Perhaps these association areas are functioning correctly in transgender individuals, i.e. activating weakly and showing little development because the body and identity of transgender folks may be at odds. So, manipulating the circuit may simply alter whether or how someone experiences their gender instead of alleviating gender dysphoria.

Differences in the social experiences of transgender and cisgender individuals may guide differences in how we respond to gender-related stimuli, like images. Additionally, efforts to avoid perceiving one’s own body may lead to the disuse and degradation of this pathway in some individuals. These alternative hypotheses exist because manipulating experience and examining the brain circuit itself is only evidence of a region’s involvement with the entire task participants are experiencing.

The recently ended study does not address a significant number of these alternative hypotheses nor is it a particularly novel paradigm. Instead, the researchers are hoping to study this circuit by inducing gender dysphoria in transgender individuals while imaging their brains. Having already examined the brain while manipulating the gender dysphoria participants were already experiencing, I cannot imagine why this new paradigm to induce an artificial gender dysphoric state was necessary given the potential for harm.

Gender dysphoria induces mental health distress in transgender individuals that would extend beyond the experiment. An organization advocating for individuals who already participated indicates that no plan to address the harm caused by the procedure was provided and the potential for harm was not made clear.

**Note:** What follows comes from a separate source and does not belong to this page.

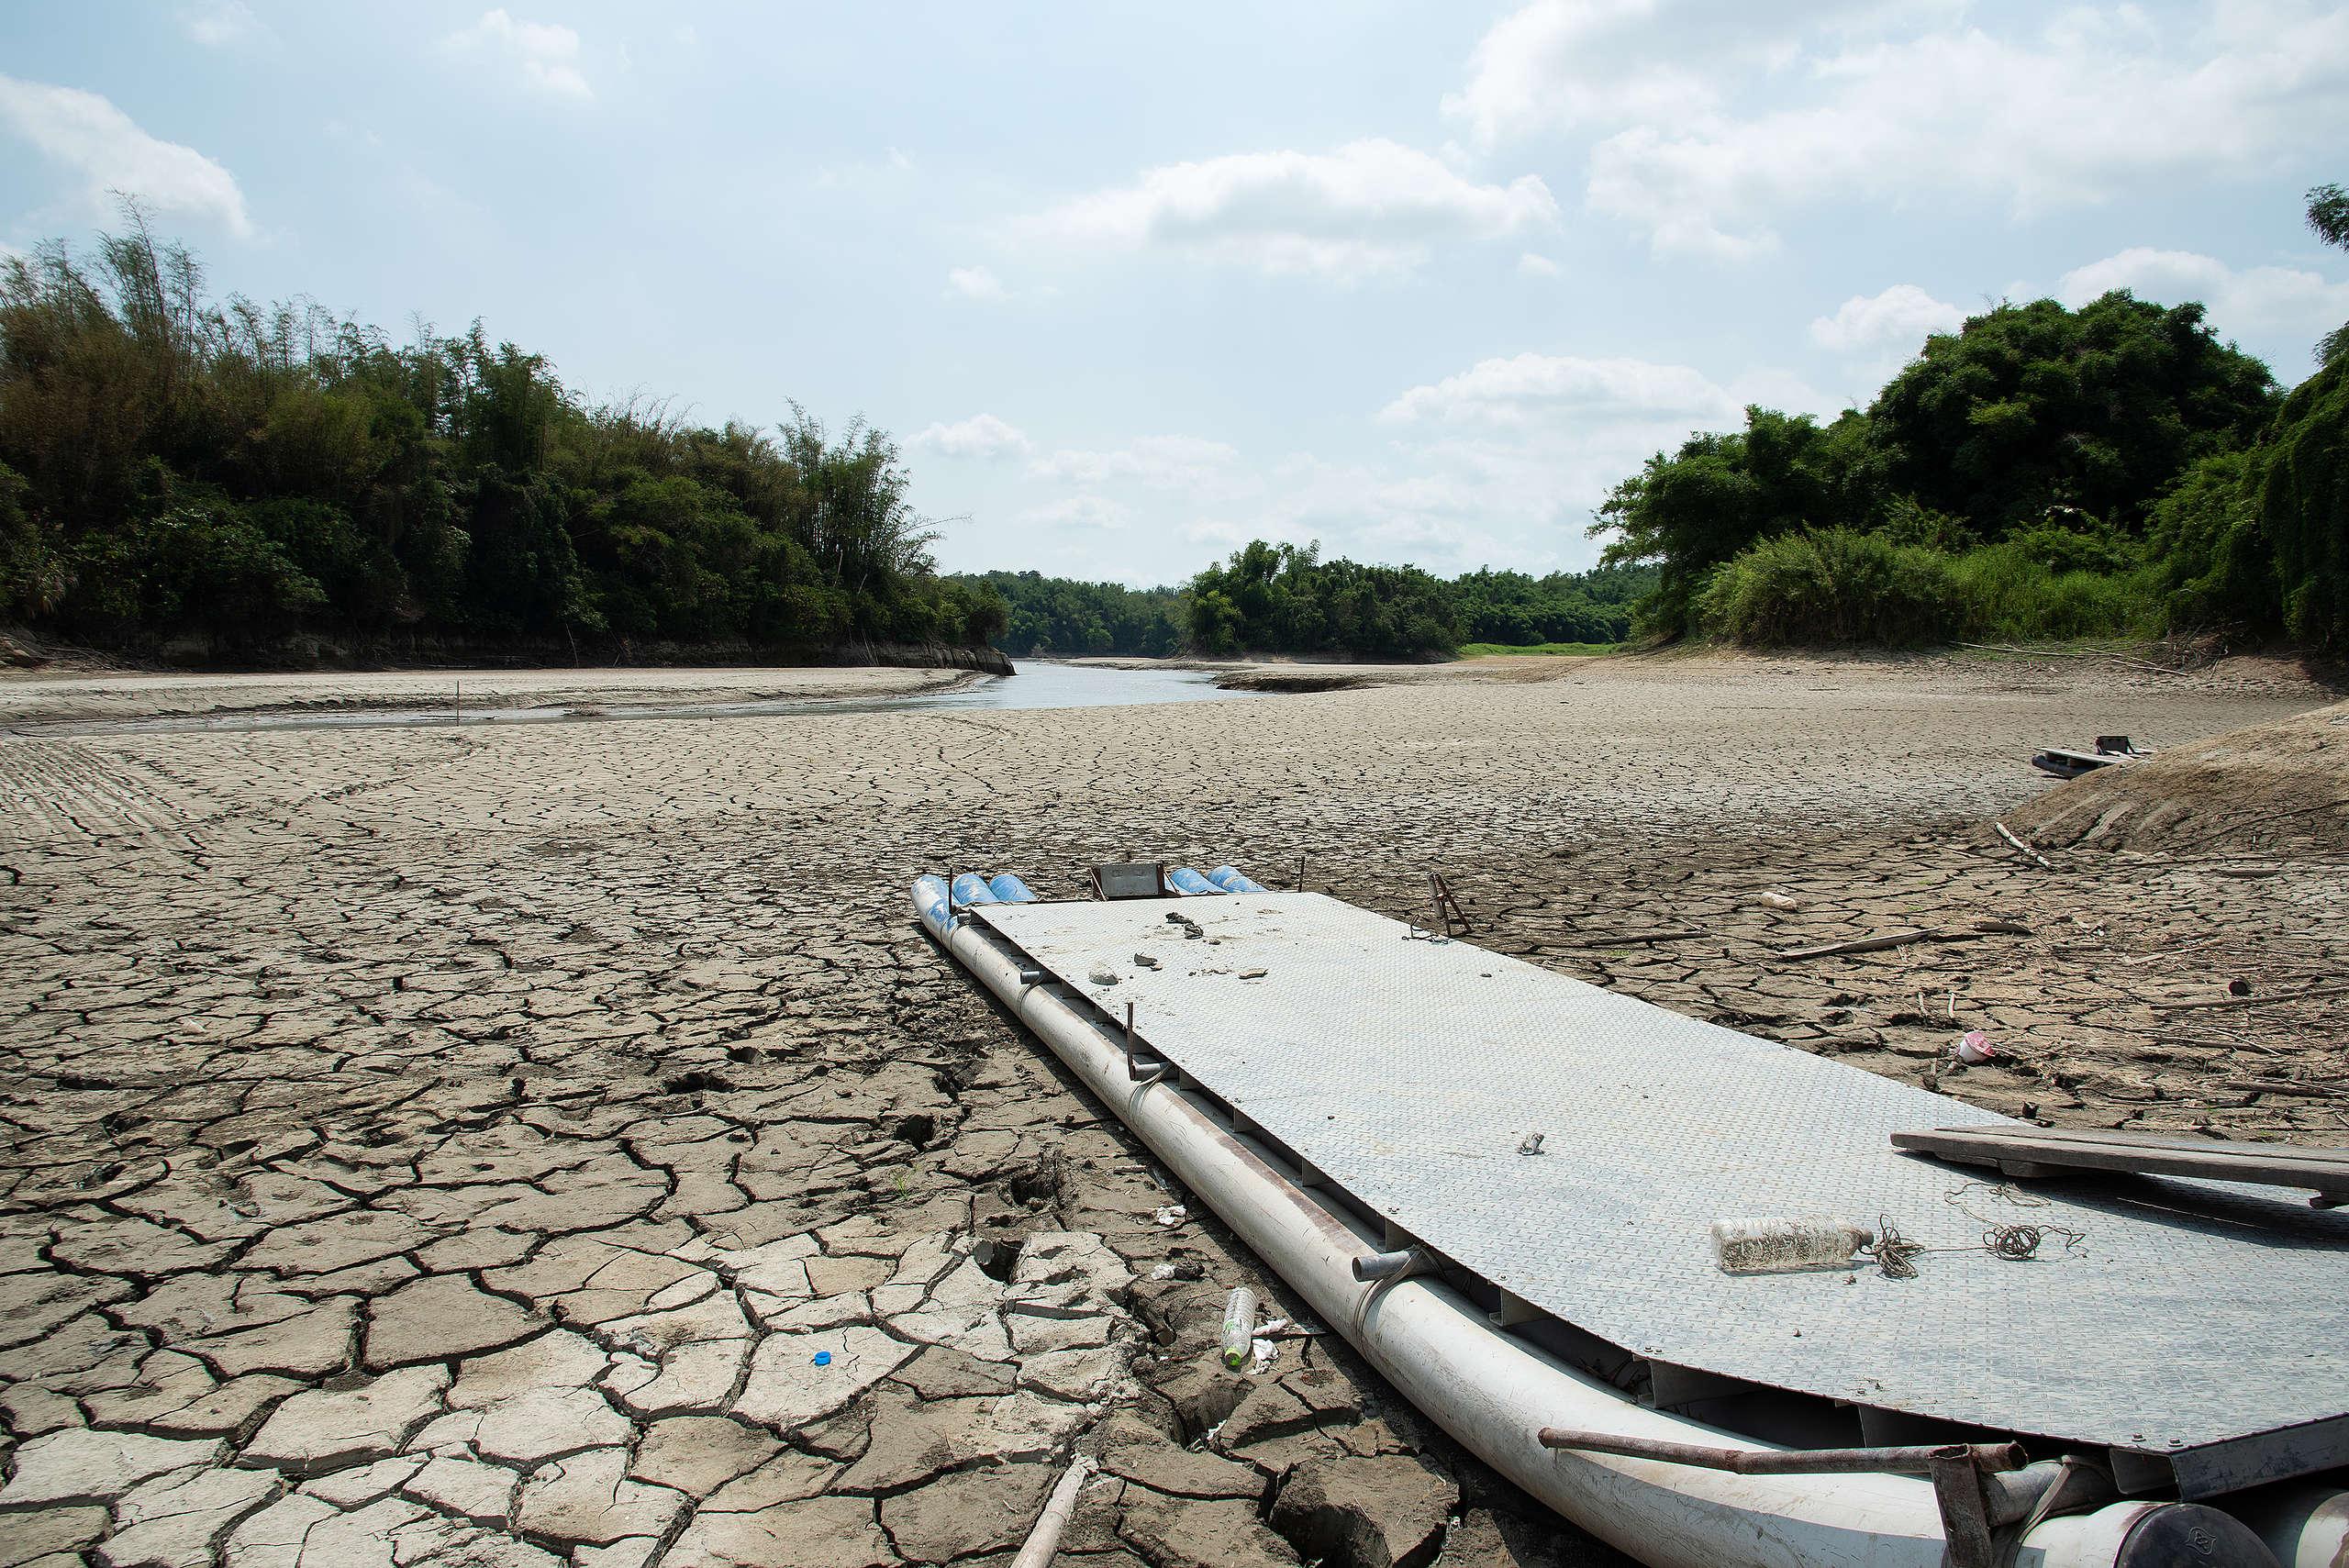 臺南市官田區的湖泊乾枯,出現一大片龜裂土地。

Supporting a study that directly harms transgender individuals and would only support previously identified phenomenon goes against my understanding of responsible research.

When I seek approval for my animal research, I must assure a committee that my subjects are treated with the utmost care. This includes identifying any stress or pain the subject may experience, developing procedures to prevent stress or pain, including long-term observation following painful or stressful treatment, and the names of several personal experienced in handling the specific stress and pain issues the subjects may endure.

When harm is unavoidable in a study, there must be a justification. While some researchers examine the biology of pain or stress others are required to explore all alternatives before justifying a paradigm that causes harm. The study where trans men were shown digitally masculinized images of themselves is an alternative method to test whether this connection is related to gender dysphoria. Projects examining mostly the same hypotheses fall well below the threshold for justifying a new harmful paradigm.

The project abstract available to the public also appears to justify the study with a harmful and misinformed position, that medical transitions have become so popular and acceptable that people are getting them without examining the consequences then regretting the decision. An idea that has been thoroughly debunked by Dr. Jack Turban, a fellow Psychology Today blogger.

While the project has been halted, the damage has been done. All responsible parties should be scrutinized for allowing the research proposal to be approved and receive such major funding. That no one along this process identified these issues raises troubling questions about how little these researchers and institutions understand the experiences and needs of the transgender community.